== Collected material ==
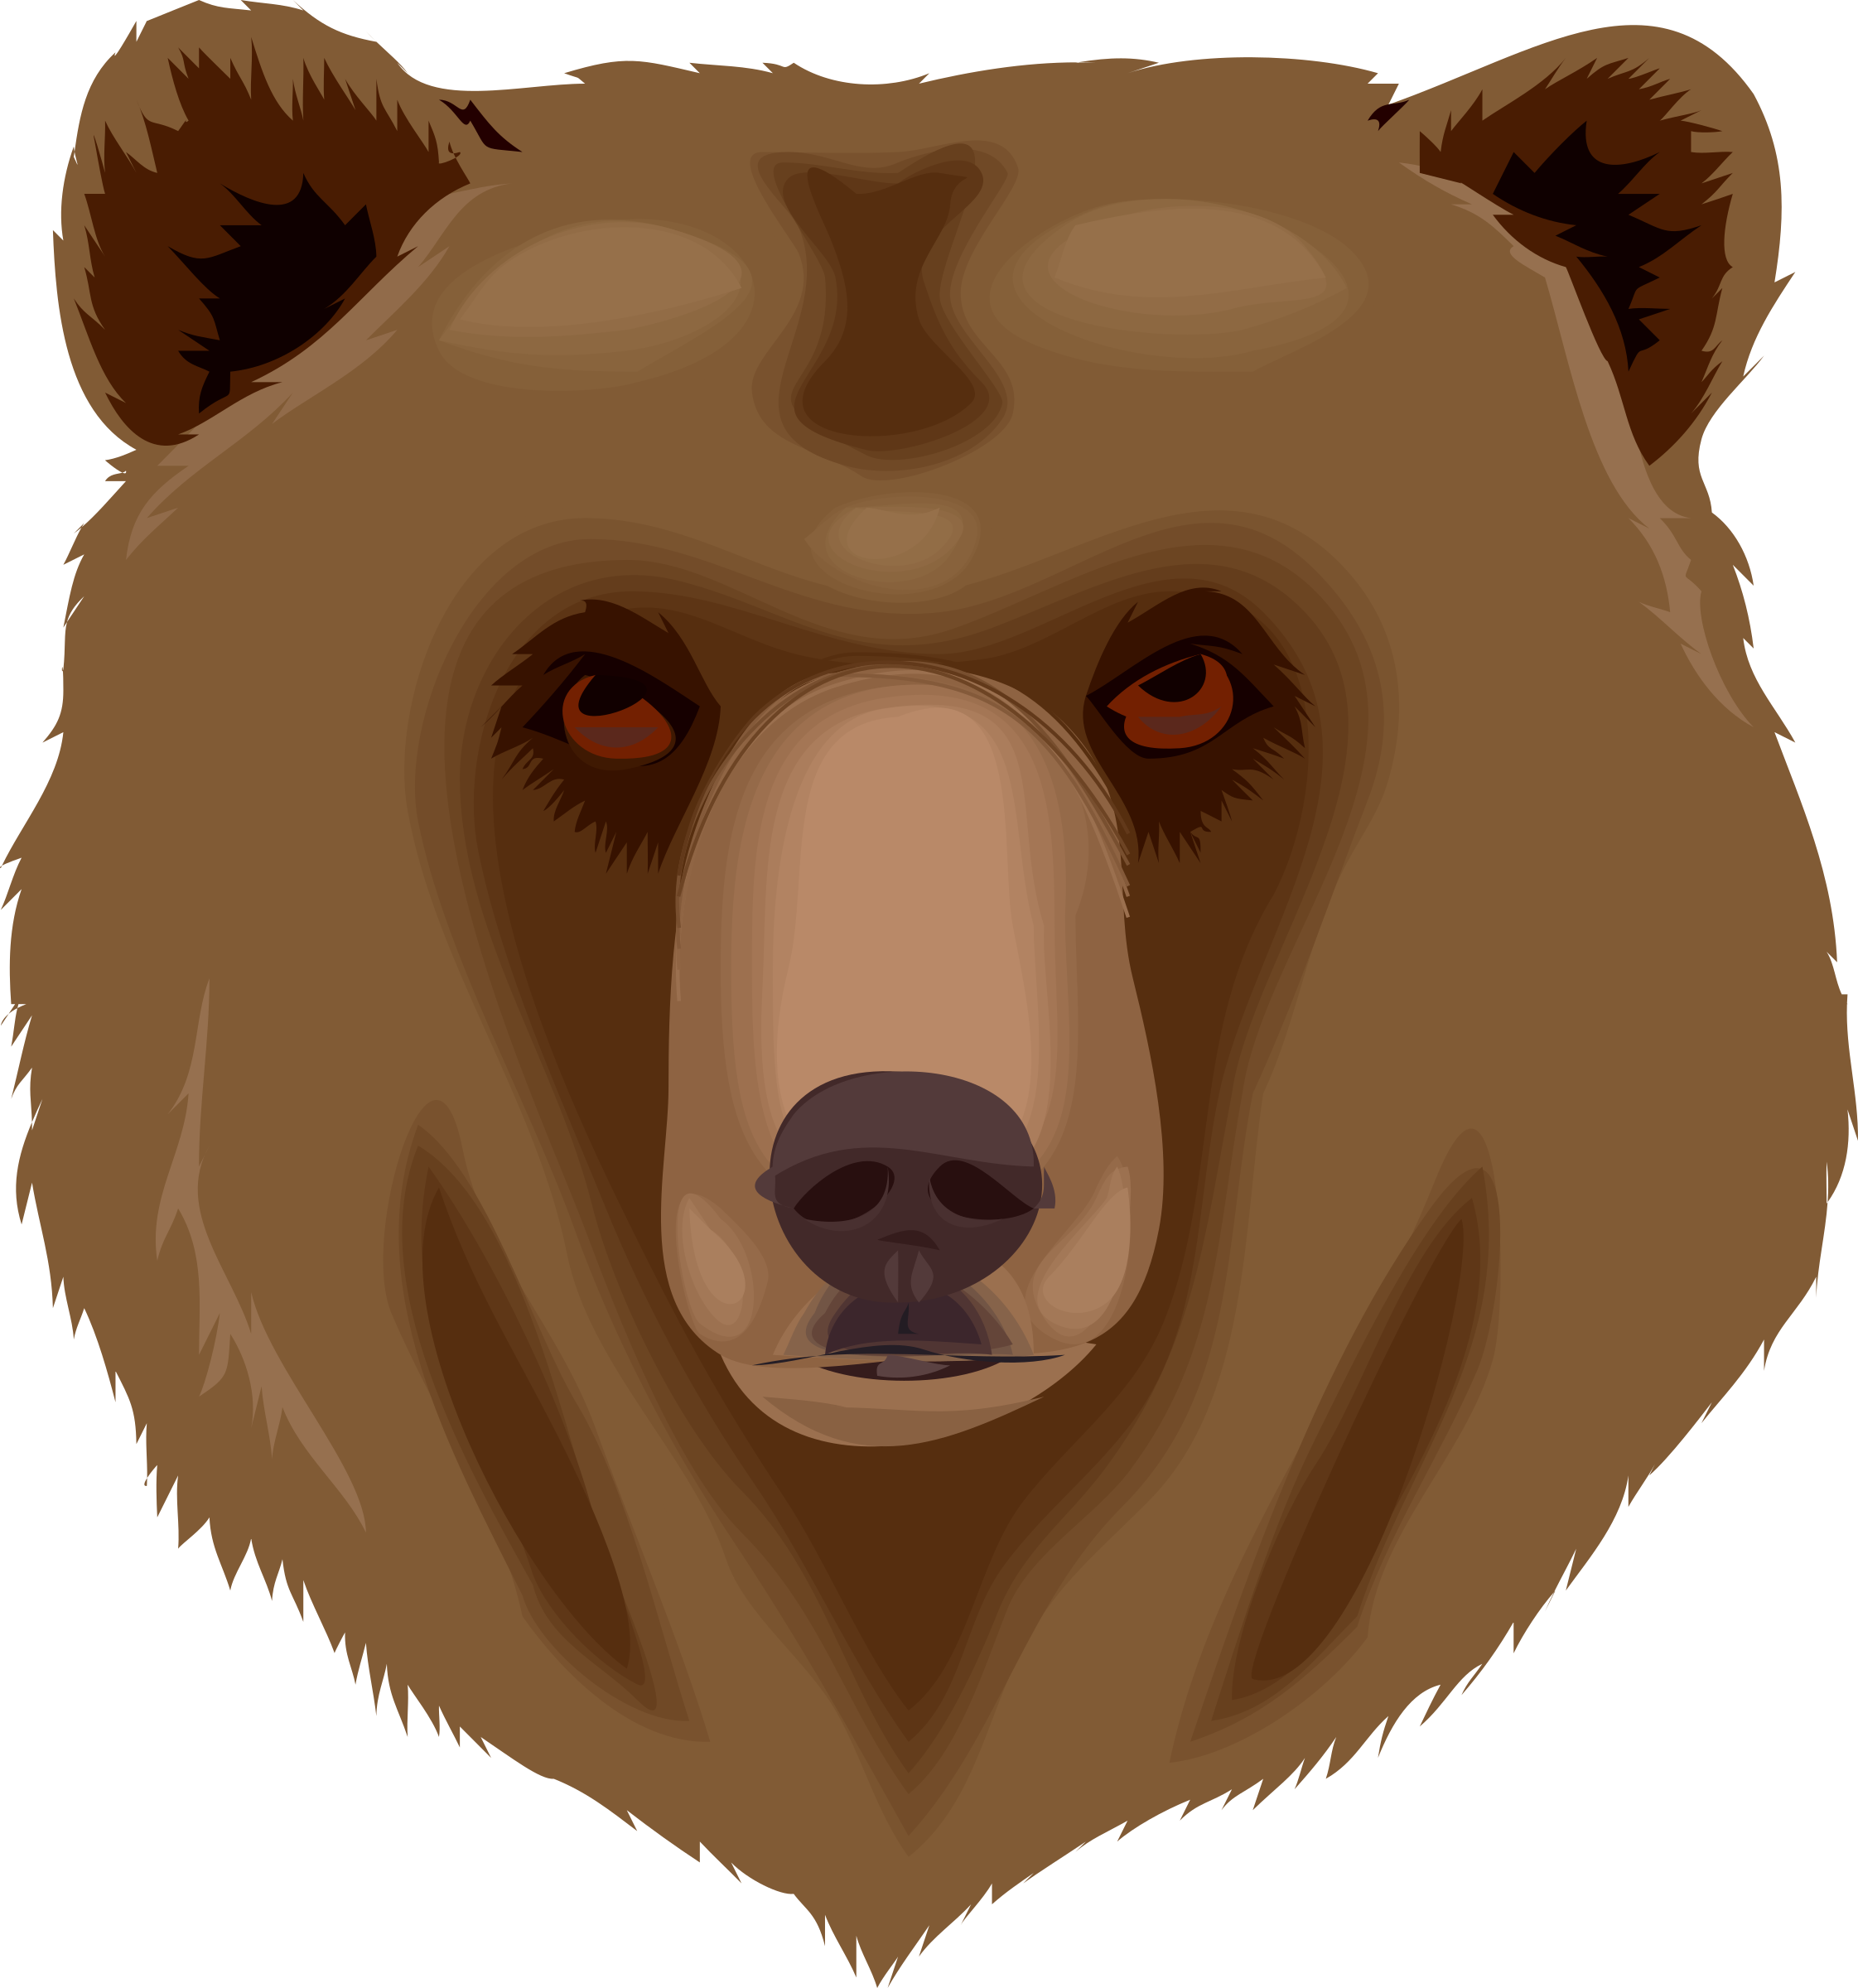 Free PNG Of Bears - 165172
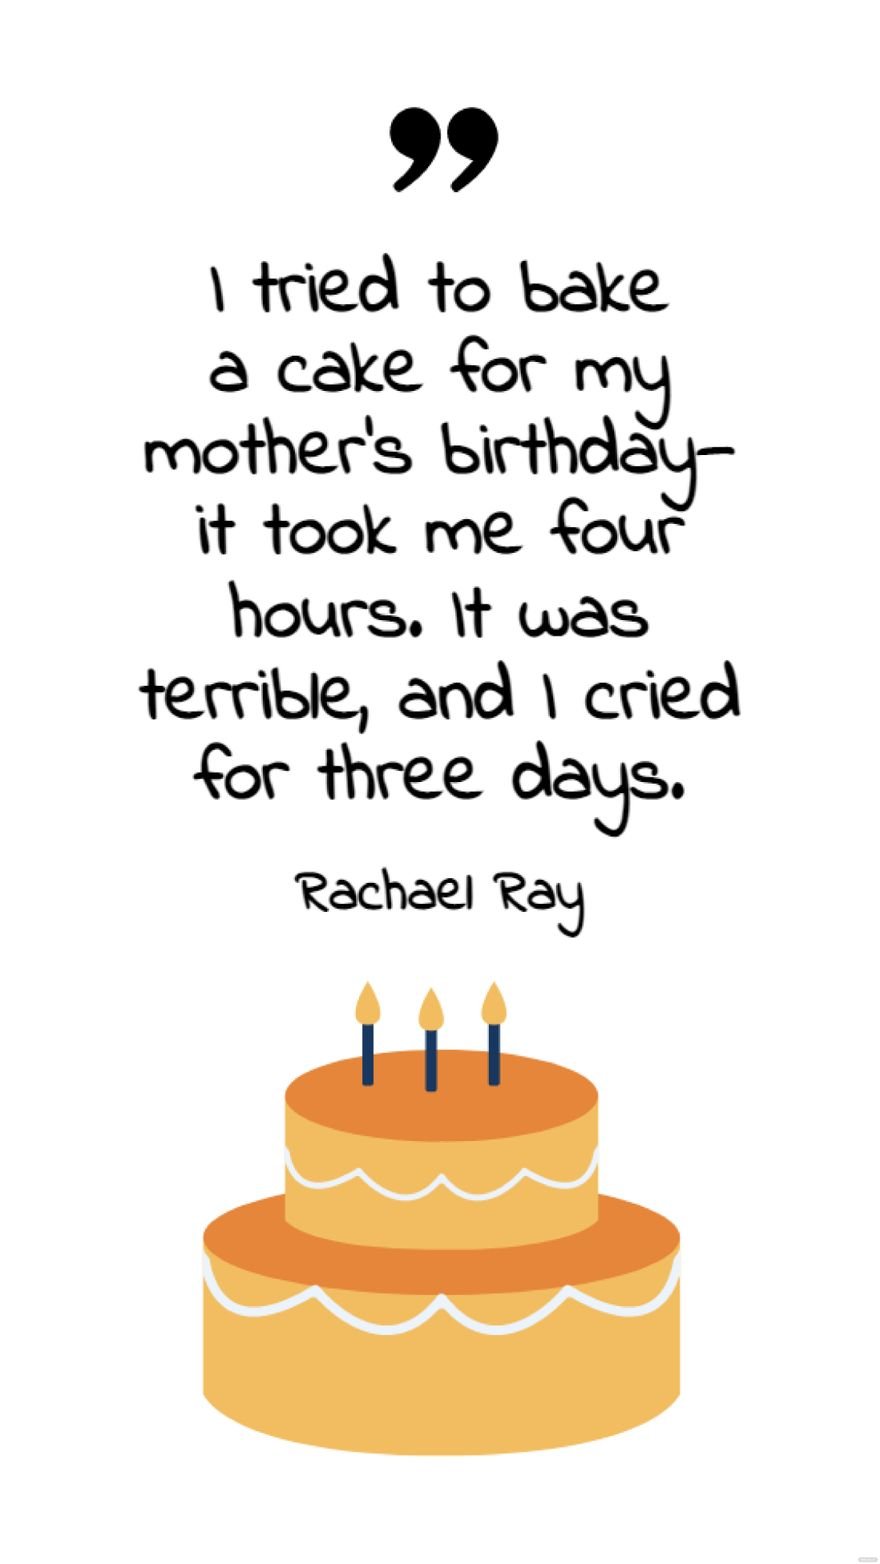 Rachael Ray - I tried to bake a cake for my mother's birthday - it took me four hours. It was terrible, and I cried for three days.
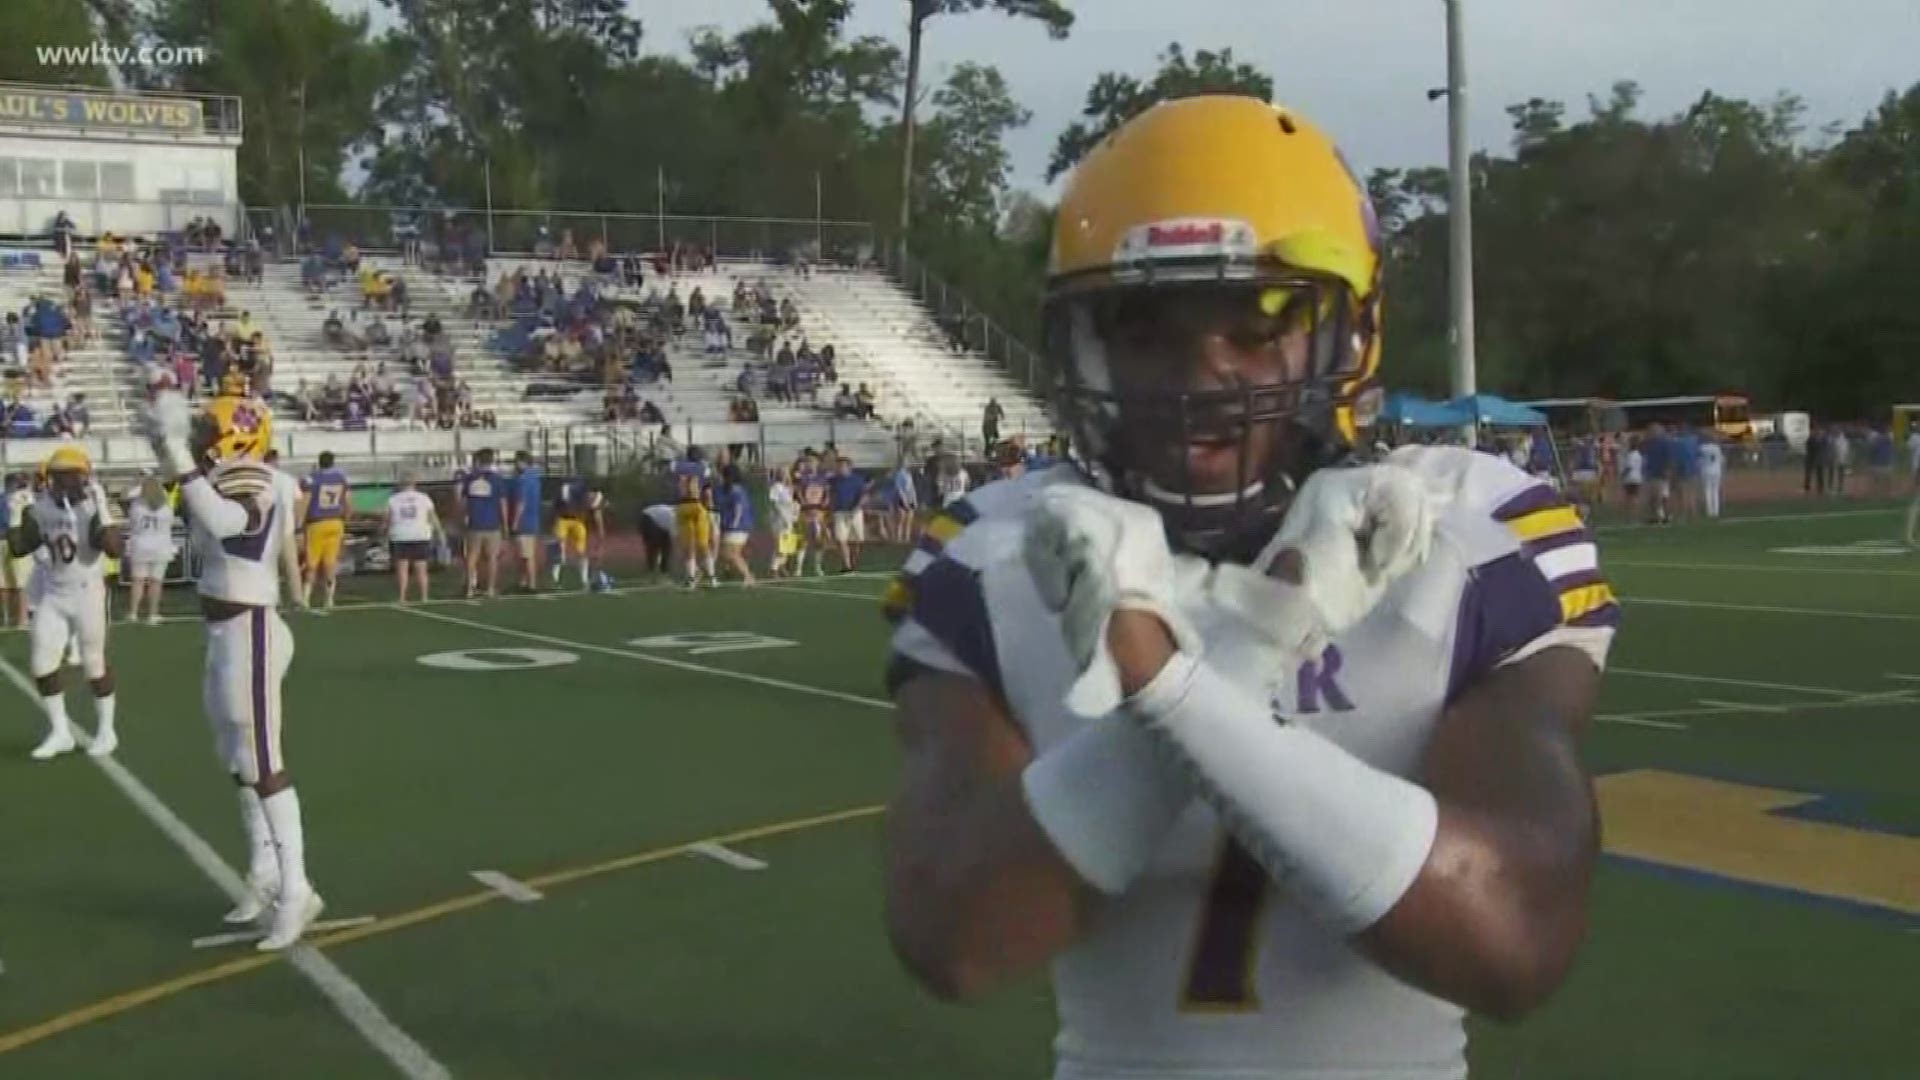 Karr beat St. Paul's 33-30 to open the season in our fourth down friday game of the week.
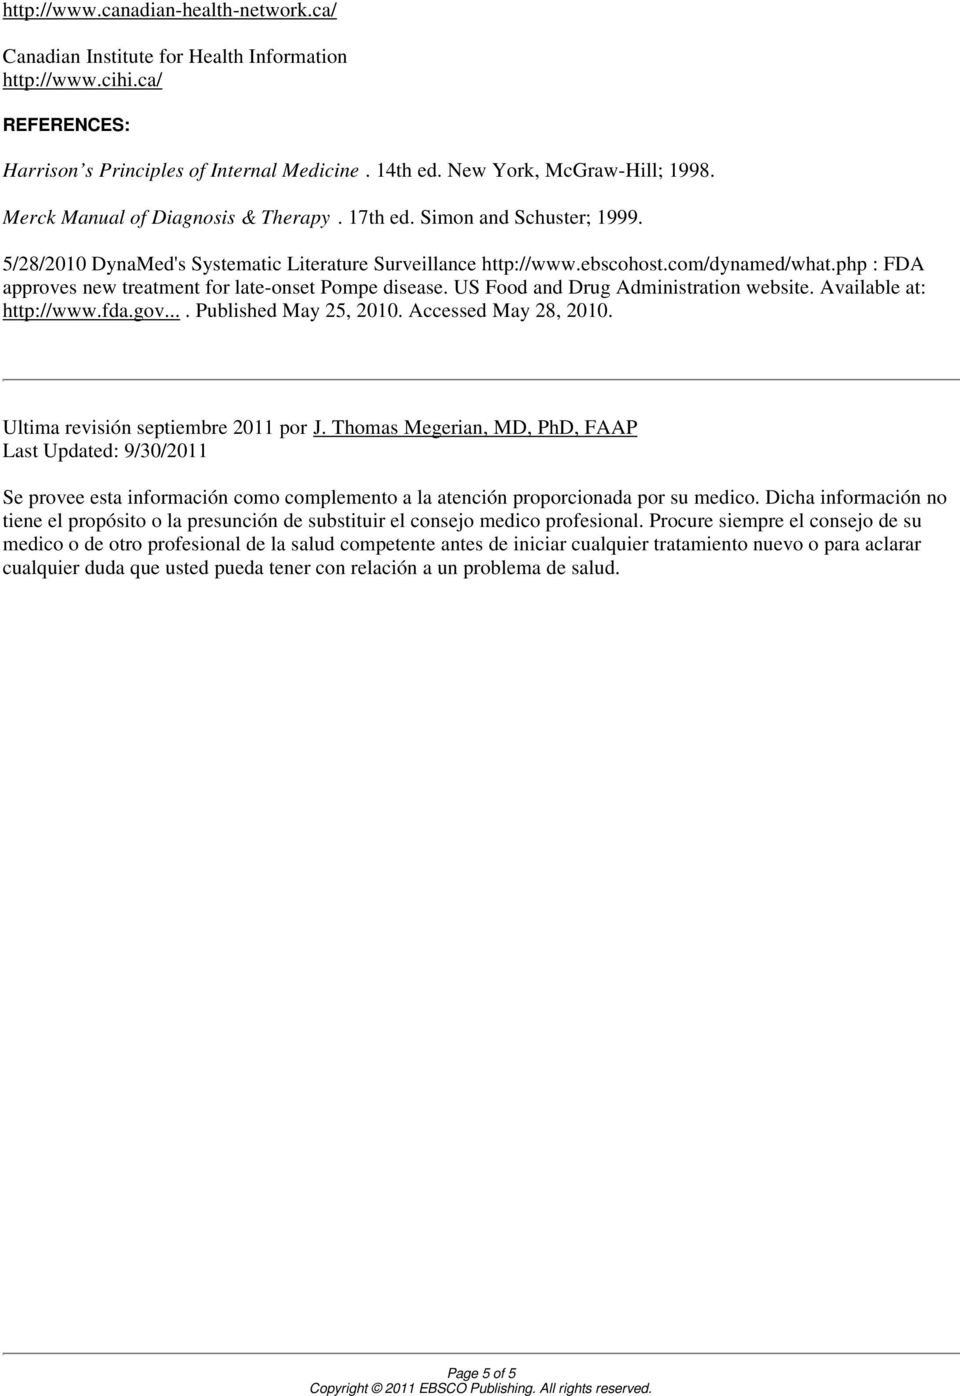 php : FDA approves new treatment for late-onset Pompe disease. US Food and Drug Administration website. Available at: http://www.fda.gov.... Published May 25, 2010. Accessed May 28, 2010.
===
What you are asked to do
Word for word, repeat all the data, but not its images.

Result
 Free PNG Of Bears - 165172
 Rachael Ray - I tried to bake a cake for my mother's birthday - it took me four hours. It was terrible, and I cried for three days.
 Karr beat St. Paul's 33-30 to open the season in our fourth down friday game of the week.
 php : FDA approves new treatment for late-onset Pompe disease. US Food and Drug Administration website. Available at: http://www.fda.gov.... Published May 25, 2010. Accessed May 28, 2010.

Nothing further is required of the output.